_INFORMATION SUPPLIED:_
+++
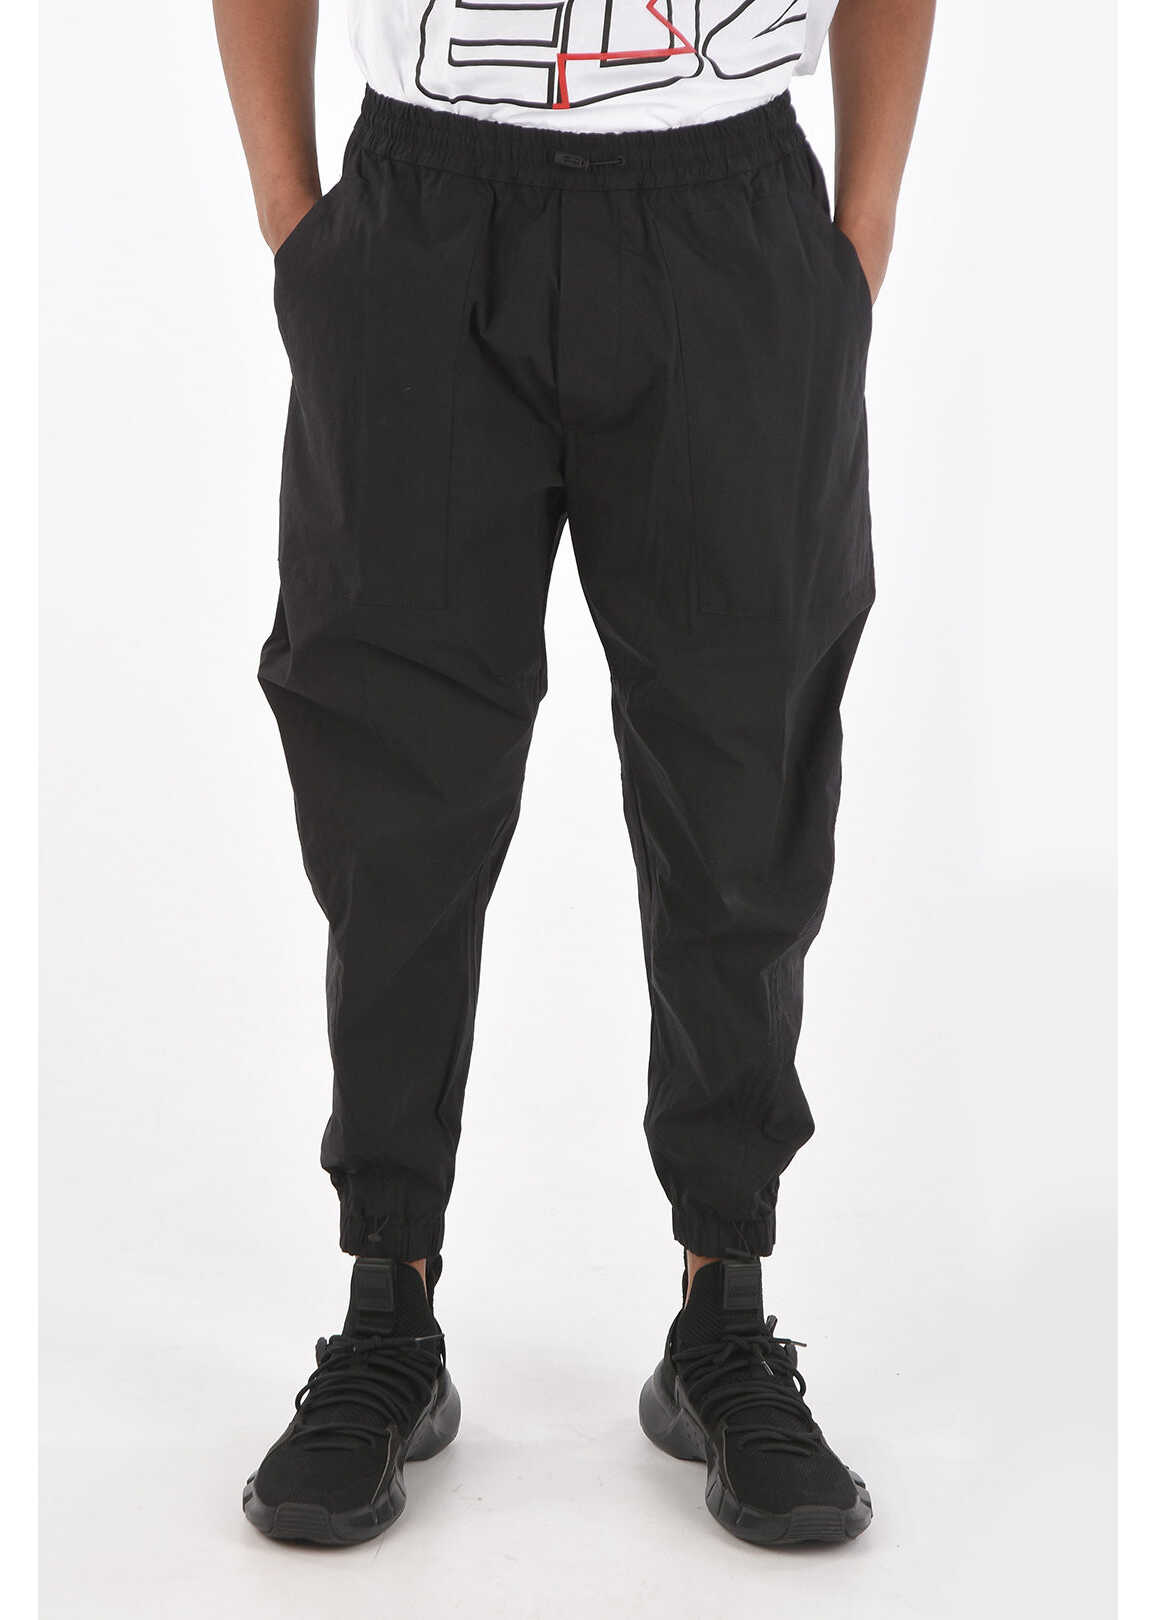 DSQUARED2 Cotton Stretch Pants With Drawstring Waist* Black image7
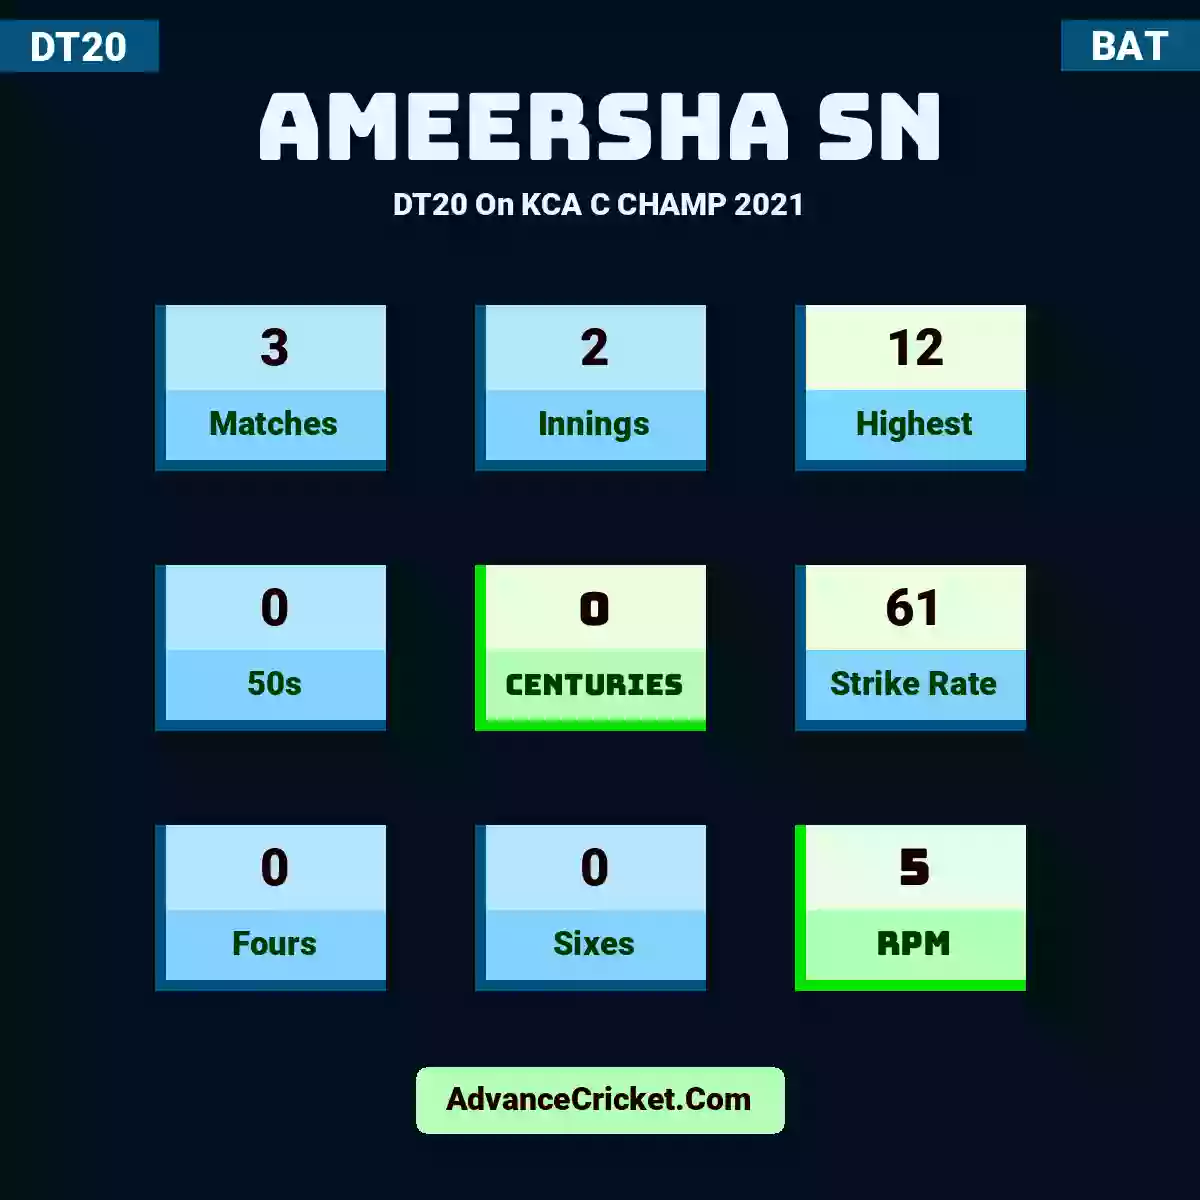 Ameersha SN DT20  On KCA C CHAMP 2021, Ameersha SN played 3 matches, scored 12 runs as highest, 0 half-centuries, and 0 centuries, with a strike rate of 61. A.SN hit 0 fours and 0 sixes, with an RPM of 5.
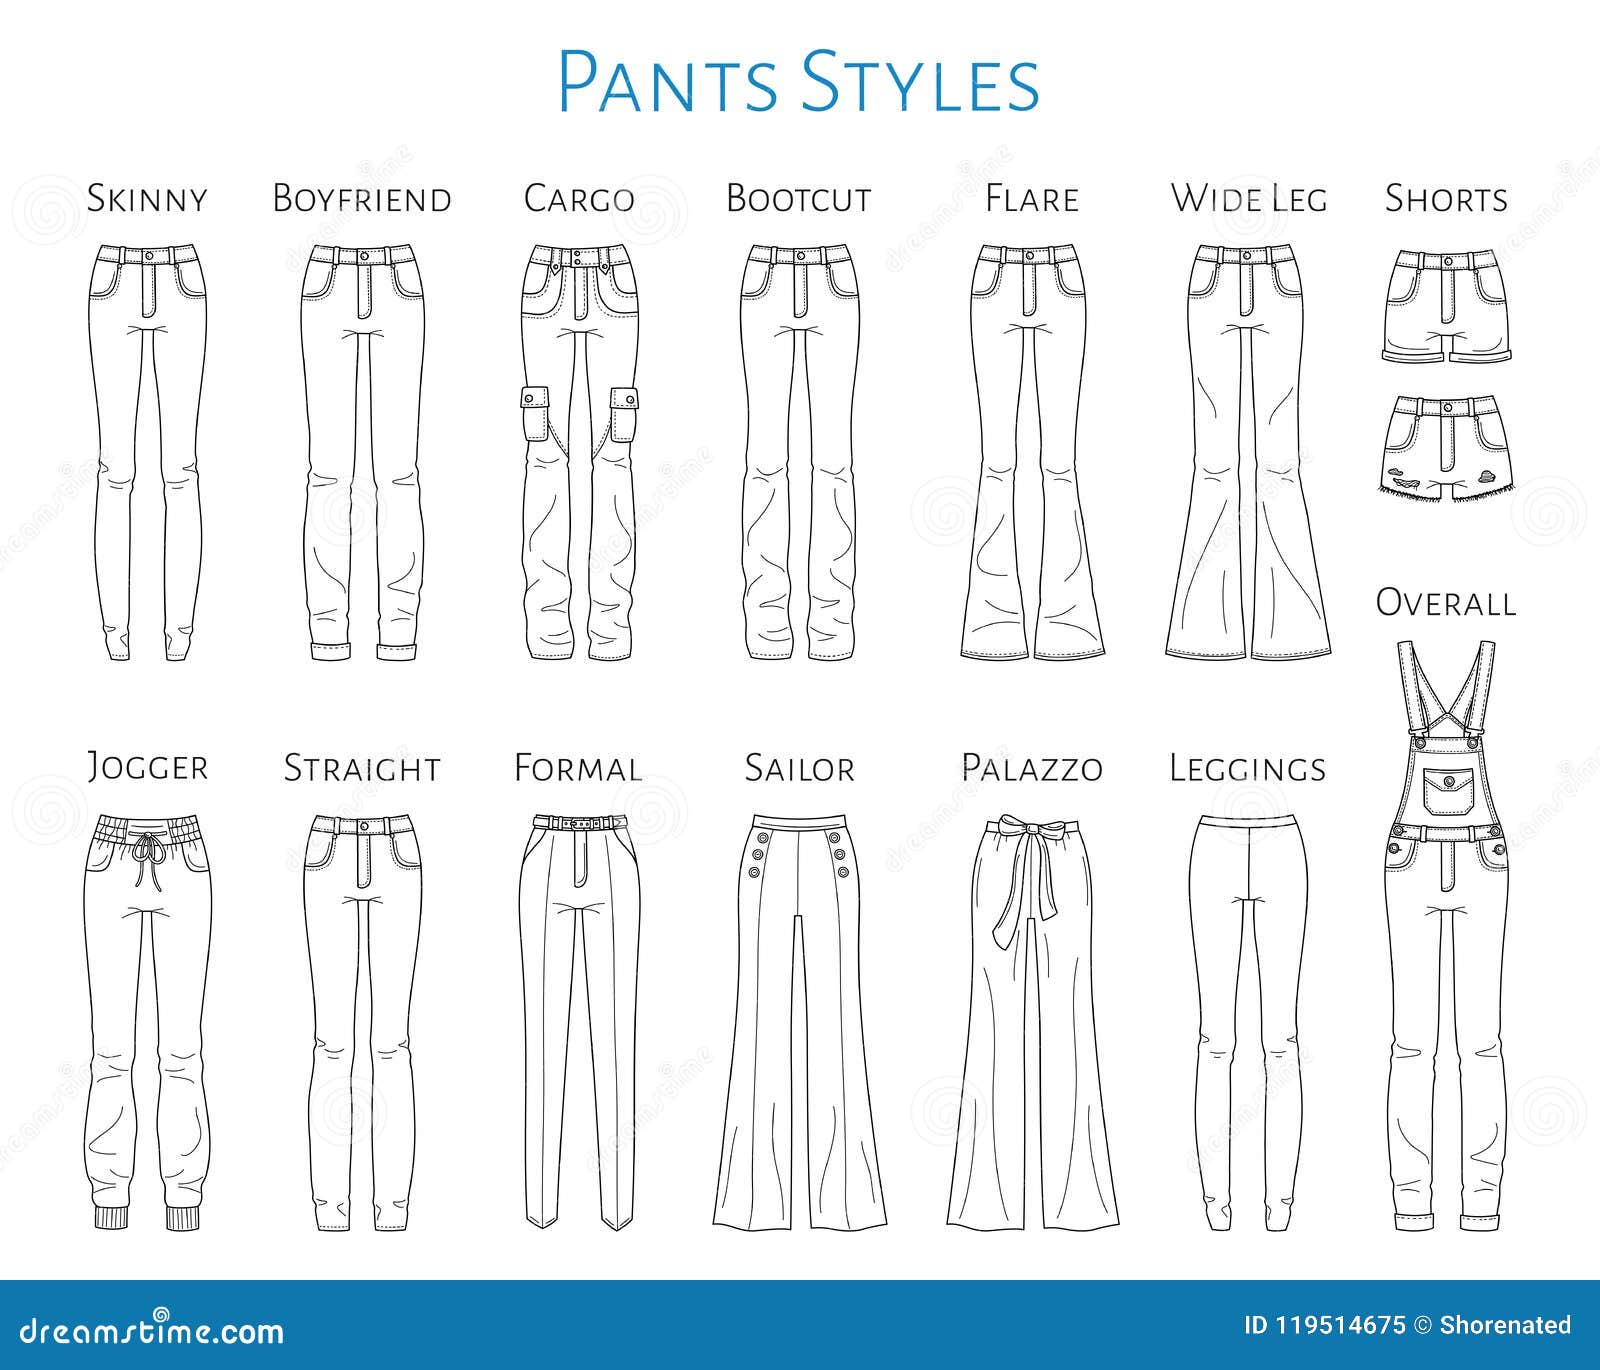 22 Types of pants - Can you ame each one of them? - SewGuide
+++
_EXERCISE DETAILS:_
Only an exact copy is needed: the lines from the opening of the listing through the line with "Ameersha SN DT20", both included, minus the pictures.

_ANSWER TO THE PROBLEM:_
 DSQUARED2 Cotton Stretch Pants With Drawstring Waist* Black image7
 Ameersha SN DT20  On KCA C CHAMP 2021, Ameersha SN played 3 matches, scored 12 runs as highest, 0 half-centuries, and 0 centuries, with a strike rate of 61. A.SN hit 0 fours and 0 sixes, with an RPM of 5.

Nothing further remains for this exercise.